A New Confirmation of General Relativity

by Paul Gilster on September 28, 2011

Einstein’s Special Theory of Relativity remains much in the news after a weekend of speculation about the curious neutrino results at CERN. Exactly what is going on with the CERN measurements remains to be seen, but the buzz in the press has been intense as the specifics of the experiment are dissected. It will be a while before we have follow-up experiments that could conceivably replicate these results, but it’s interesting to see that another aspect of Einstein’s work, the General Theory of Relativity, has received a new kind of confirmation, this time on a cosmological scale.

Here we’re talking not about the speed of light but the way light is affected by gravitational fields. The work is out of the Niels Bohr Institute at the University of Copenhagen, where researchers say they have tested the General Theory at a scale 1022 times larger than any laboratory experiment. Radek Wojtak, an astrophysicist at the Institute, has worked with a team of colleagues to analyze measurements of light from galaxies in approximately 8,000 galaxy clusters. Each cluster is a collage of thousands of individual galaxies, all held together by gravity.

Image: Researchers have analysed measurements of the light from galaxies in approximately 8,000 galaxy clusters. Galaxy clusters are accumulations of thousands of galaxies (each light in the image is a galaxy), which are held together by their own gravity. This gravity affects the light that is sent out into space from the galaxies. Credit: Niels Bohr Institute/ Radek Wojtak.

The Copenhagen team was looking specifically at redshift, where the wavelength of distant galaxies shifts toward the red with increasing distance. Redshift has been used to tell us much about how the universe has expanded since the light being studied left its original source. Normally we think of the redshift being the result of the changing distance between the distant light source and ourselves as we both move through space. This is the familiar Doppler shift, and it could be either a redshift or, if the objects are approaching each other, a blueshift.

But another kind of redshift can come into play when space itself is expanding. Here the distance between the distant light source and ourselves is also increasing, but because of its nature, we call this a cosmological redshift rather than a Doppler shift. Gravity can also cause a redshift, as light emitted by a massive object is affected by the gravity of the object. The loss of energy from emitted photons shows up as a redshift commonly called a gravitational redshift.

The General Theory of Relativity can be used to predict how light – and thus redshift – is affected by large masses like galaxy clusters. In the new work, we’re focusing on both cosmological and gravitational redshift, effects apparent when the light from galaxies in the middle of the galactic clusters is compared to those on the outer edges of the cluster. Wojtak puts it this way:

“We could measure small differences in the redshift of the galaxies and see that the light from galaxies in the middle of a cluster had to ‘crawl’ out through the gravitational field, while it was easier for the light from the outlying galaxies to emerge.”

Going on to measure the total mass of each galaxy cluster, the team could then use the General Theory of Relativity to calculate the gravitational redshift for the differently placed individual galaxies.

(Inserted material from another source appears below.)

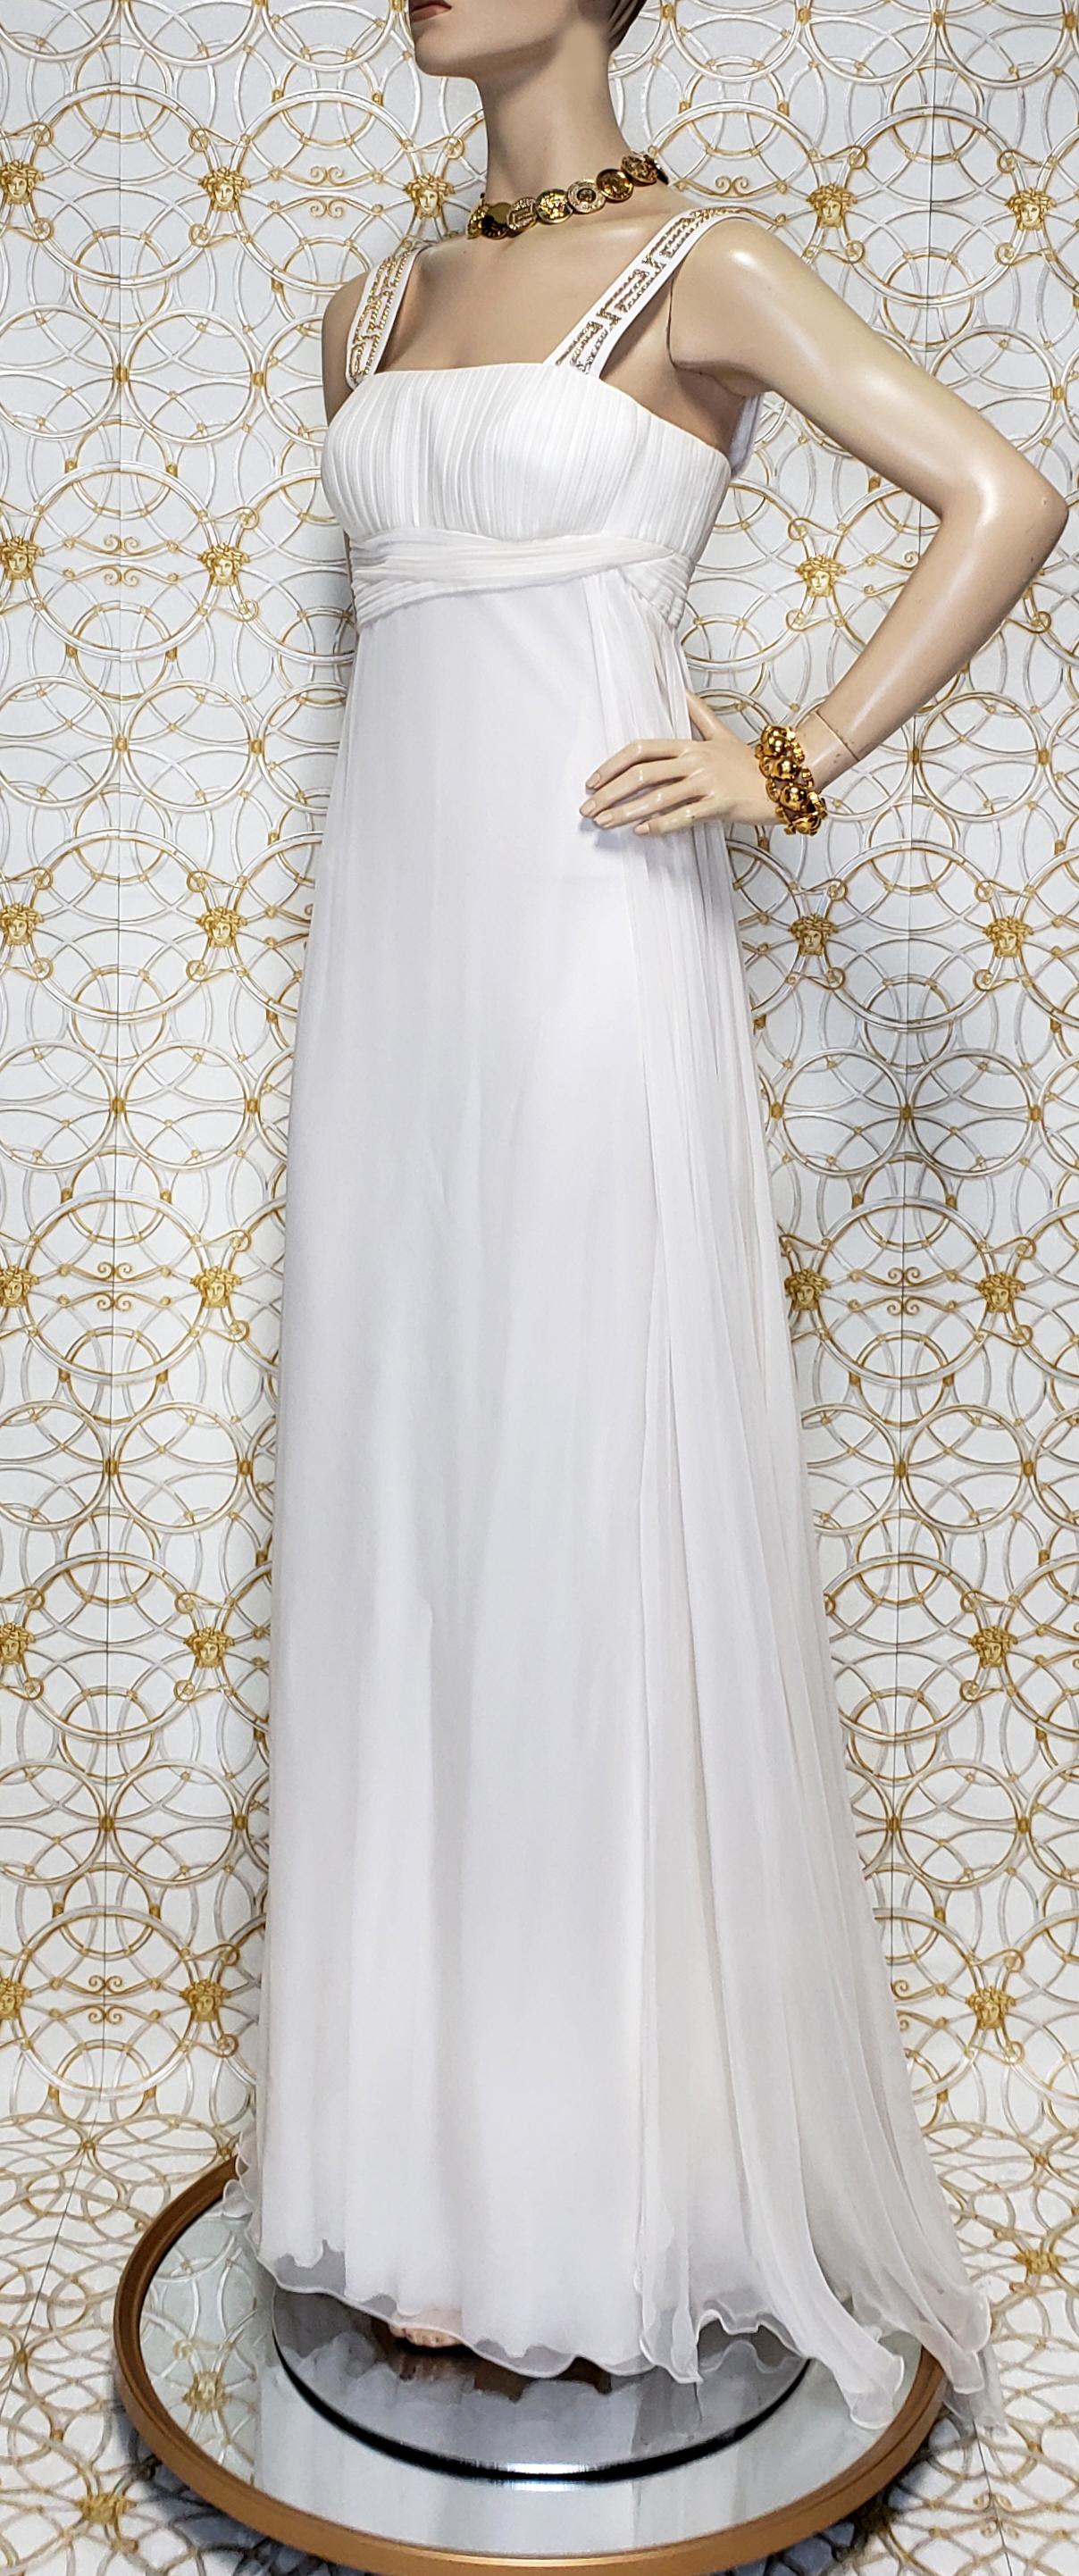 gianni versace white pleated silk dress

What emerged from the work was that the theoretical calculations of the gravitational redshift based on the General Theory of Relativity were in agreement with the astronomical observations. Says Wotjak:

“Our analysis of observations of galaxy clusters show[s] that the redshift of the light is proportionally offset in relation to the gravitational influence from the galaxy cluster’s gravity. In that way our observations confirm the theory of relativity.”

Does the testing of the General Theory on a cosmological scale tell us anything about dark matter and its even more mysterious counterpart, dark energy? On that score, this Niels Bohr Institute news release implies more than it delivers. The new work confirms current modeling that incorporates both dark matter and dark energy into our model of the universe, but beyond that it can provide no new insights into what dark matter actually is or how dark energy, thought to comprise 72 percent of the structure of the universe, actually works. We can make inferences from our understanding of the behavior of the light, but we have a long way to go in piecing together just what these dark components are.

The paper is Wojtak et al., “Gravitational redshift of galaxies in clusters as predicted by general relativity,” Nature 477 (29 September 2011), pp. 567–569 (abstract).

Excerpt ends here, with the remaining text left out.